Like the flaneur, Biberkopf’s “new” relationship and attitude regarding other people are based on the gaze.[36] Within the dominant tradition of cultural theory, the flaneur has been the most productive image of the moving individual gaze in the modern metropolis. For the still gaze, I would argue that at least two significant figures could be mentioned. Both are, to some extent, a counter-equivalent of the flaneur. The first are the people seated in public squares and outdoors cafés -individuals who, rather than exercise themselves in Baudelaire’s “fantastic fencing” (155),[37] assume the attitude of a spectator, as in film or theatre. This first figure can be related to dandyism, flaneurie, and spectacle, and, like all of them, unproductiveness. The second one is connected rather to their opposites -respectively: working classes, commuters, everyday life, and productivity. This figure is the worker on the assembly line. In these two specular series, Baudelaire-Benjamin’s flaneur would be mirrored by commuters and ambulant vendors, while people in downtown cafés would find their corresponding image of the second series in people who are seated outdoors downtown, like them, many times in front of a cup, and like them, watching passersby, not to distract them but rather to ask them to put some money in the cup.

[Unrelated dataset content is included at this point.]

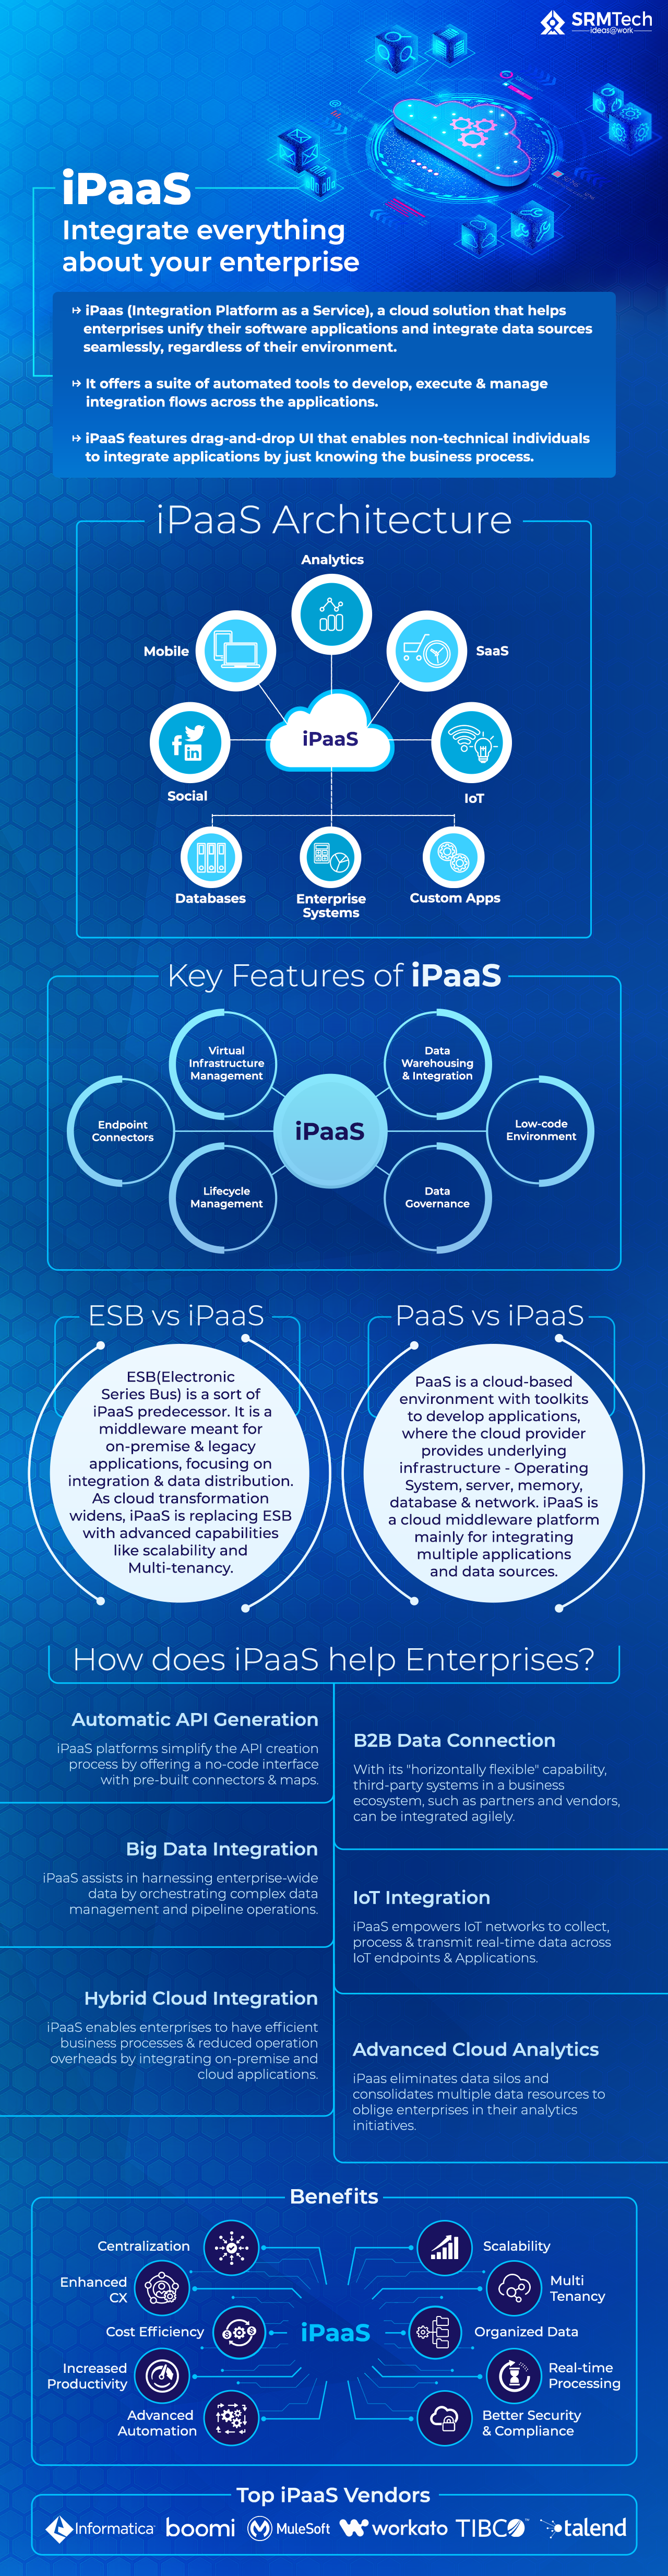 iPaaS – Integrate everything about your enterprise
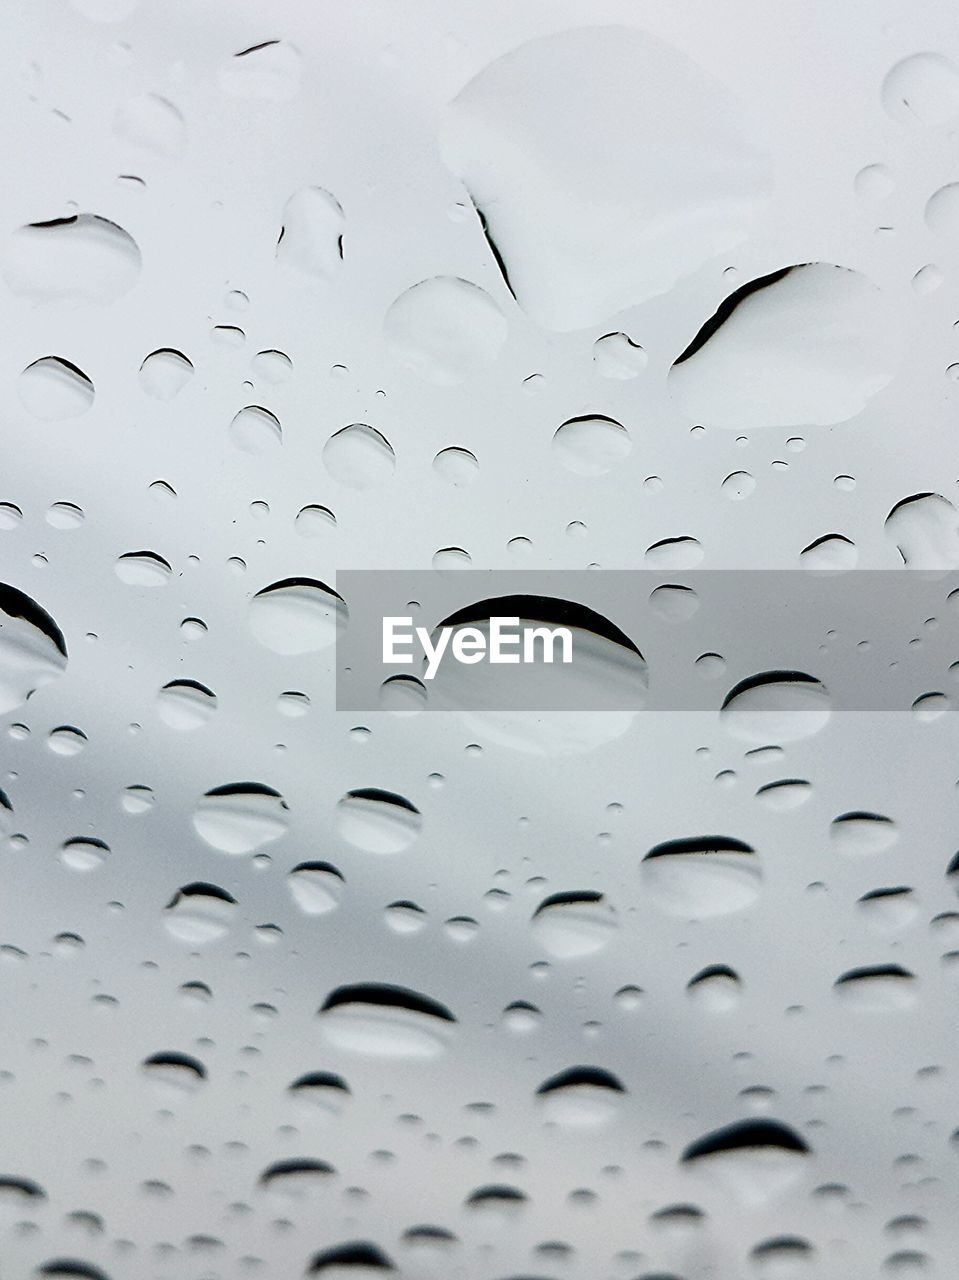 Close-up of waterdrops on glass against the sky

The assistant door-man does not fit in this twofold serialization. He is not just watching people, but he is not asking money from them. In some aspects, the closer figure to the door-man would be the worker in the assembly line: both are employees in a factory, and the work of both is based on something that is “passing by.”[38] But the door-man does nothing with what is passing except watch it. He makes nothing. He is in the factory, as he has been incorporated into the formal labor system, but still as an ancillary component. He is no longer an outsider; but he is not a complete insider.[39]

 

5. Conclusions

“On the assembly line, the image of the asylum was a real

condition, rather than a metaphor.”

(Meyer 40, rephrasing workers’ statements from 1923)

        Since the second quarter of the nineteenth century the criticism of division and mechanization of labor has had an important presence in the mainstream of philosophical and sociological discourse (both Comte and Marx made important comments on the topic).[40] By the end of the century some major authors, as diverse as Durkheim and Kropotkin (18-19), insisted on situating the problem not in mechanization itself, but in the inability of the worker to understand what he or she is doing, and to have any vivid “experience” of his work. During the first decades of the next century, that idea became more and more popular, together with the development of fordism and taylorism, and their impact on the everyday life of people in the main industrial societies of Europe and North America.[41] The modernist work of art can be seen as the negative of this picture, since it requires from the viewer, listener or reader intense participation in the underlying project or system of the work, in order to achieve the (highly demanding) reconstruction of its global (and very sophisticated) sense.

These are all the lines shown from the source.